Metadata-Version: 2.1
Name: rfcc
Version: 1.0.0
Summary: RFCC: Random Forest Consensus Clustering for Regression and Classification
Home-page: https://github.com/IngoMarquart/RFCC
Author: Ingo Marquart
Author-email: ingo.marquart@esmt.org
License: MIT
Description: # Python RFCC - Data understanding, clustering and outlier detection for regression and classification tasks
        
        Random forests are invariant and robust estimators that can fit complex interactions between input data of different types and binary, categorical, or continuous outcome variables, including those with multiple dimensions. In addition to these desirable properties, random forests impose a structure on the observations from which researchers and data analysts can infer clusters or groups of interest. 
        
        You can use these clusters to:
        
        - structure your data,
        
        - elucidate new patterns of how features influence outcomes,
        
        - define subgroups for further analysis, 
        
        - derive prototypical observations, 
        
        - identify outlier observations, 
        
        - catch mislabeled data, 
        
        - evaluate the performance of the estimation model in more detail.
        
        Random Forest Consensus Clustering and implement is implemented in the Scikit-Learn / SciPy data science ecosystem. This algorithm differs from prior approaches by making use of the entire tree structure. Observations become proximate if they follow similar decision paths across trees of a random forest.
        
        More info in here:
        
        ```
        Marquart, Ingo and Koca Marquart, Ebru, RFCC: Random Forest Consensus Clustering for Regression and Classification (March 19, 2021). Available at SSRN: https://ssrn.com/abstract=3807828 or http://dx.doi.org/10.2139/ssrn.3807828
        ```
        
        
        Example
        
        # Installation
        
        
        # Usage
        
        Let's illustrate the approach with a simple example. We will be regression the miles-per-gallon in the city (__cty__) performance of a set of
        cars on the class (compact, pick-up etc.), the number of cylinders and the engine displacement.
        
        The data is available in the pydataset package
        ```python
        dataset=data("mpg")
        y_col=["cty"]
        x_col=['displ', 'class' , 'cyl']
        Y=dataset[y_col]
        X=dataset[x_col]
        print(X.head(5))
        ```
        
        ```python
           displ    class  cyl
        1    1.8  compact    4
        2    1.8  compact    4
        3    2.0  compact    4
        4    2.0  compact    4
        5    2.8  compact    6
        ```
        
        We want __class__ and __cyl__ to be treated as categorical variable, so we'll keep track of these columns.
        
        ## Initialization and model choice
        
        The first step is to initialize the model, much like one would initialize an scikit-learn model.

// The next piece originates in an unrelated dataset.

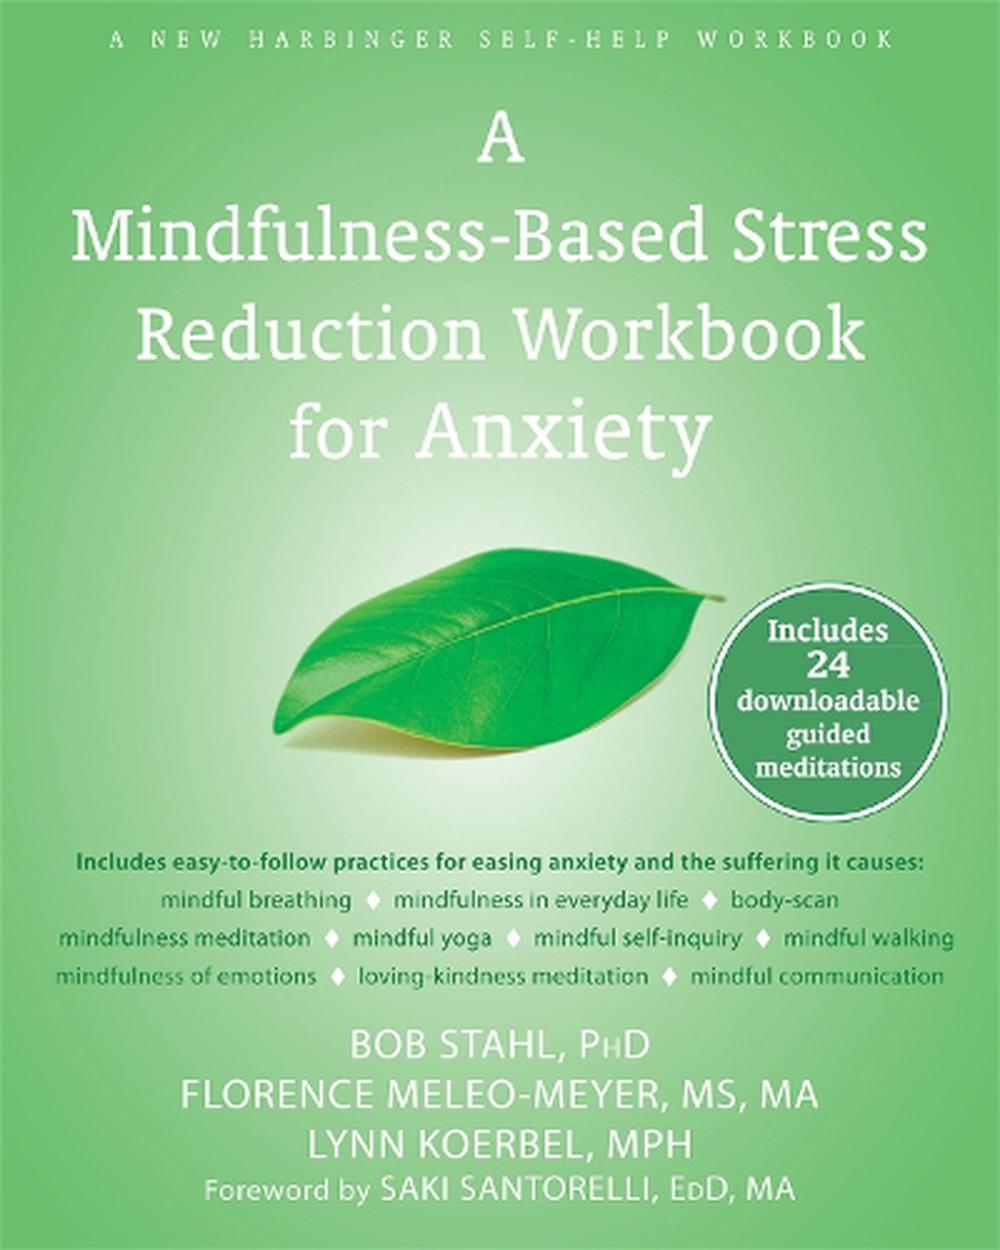 Mindfulness-Based Stress Reduction Workbook for Anxiety by Bob Stahl ...

        The main class is __cluster_model__ from the rfcc package.
        We only need to pass an appropriate ensemble model (RandomForestClassifier, RandomForestRegressor) and specify the options we'd like to use.
        
        
        Since miles-per-gallon is a continuous measure, we'll be using a random forest regression.
        
        ```python
        from sklearn.ensemble import RandomForestRegressor
        from rfcc import cluster_model
        model=cluster_model(model=RandomForestRegressor,max_clusters=20,random_state=1)
        ```
        
        We have two options to specify the size and number of clusters to be returned.
        
        The parameter __max_clusters__ sets the maximum amount of leafs in each decision tree. It ensures that the model does not return too many or too few clusters, but it does change the estimation of the random forest.
        
        Another option is to set __max_clusters__ to a high value, or leave it unspecified, and use the hierarchical clustering algorithm to extract clusters of the desired size. See below for __t_param__ in the fit method.
        
        
        ## Fitting and optional parameters
        
        Now we need to fit our model to the data.
        
        ```python
        model.fit(X,Y)
        ```
        
        
        
        The following optional parameters can be passed
        
        - **encode** (list): A list of columns that we'd like to encode before fitting the model. Note that all non-numerical columns will be encoded automatically. However, you can also encode numerical data by passing it in the __encode__ parameter.
        
        - **encode_y** (bool): You can choose to ordinally encode the outcome variables. If you do a classification, scikit learn will choose how to encode the outcome variables. If the variable is continuous, this will usually lead to a rather bad fit, in which case you may want to encode.
        
        - **linkage_method** (str): Linkage method used in the clustering algorithm (average, single, complete, ward)
        
        - **clustering_type** (str): "rfcc" (default) our path based clustering, or "binary" as in prior approaches
        
        - **t_param** (float): If None, number of clusters corresponds to average number of leafs. If __t_param__ is specified,
        pick that level of clustering hierarchy where distance between members of the group is less than __t_param__. The higher the value, the larger average size of a cluster. 
        
        Let's check how well our model does on our training set
        
        ```python
        model.score(X,Y)
        ```
        
        ```python
        0.9231321010907177
        ```
        
        ## Cluster compositions
        
        Once the model is fit, we can extract the composition of clusters.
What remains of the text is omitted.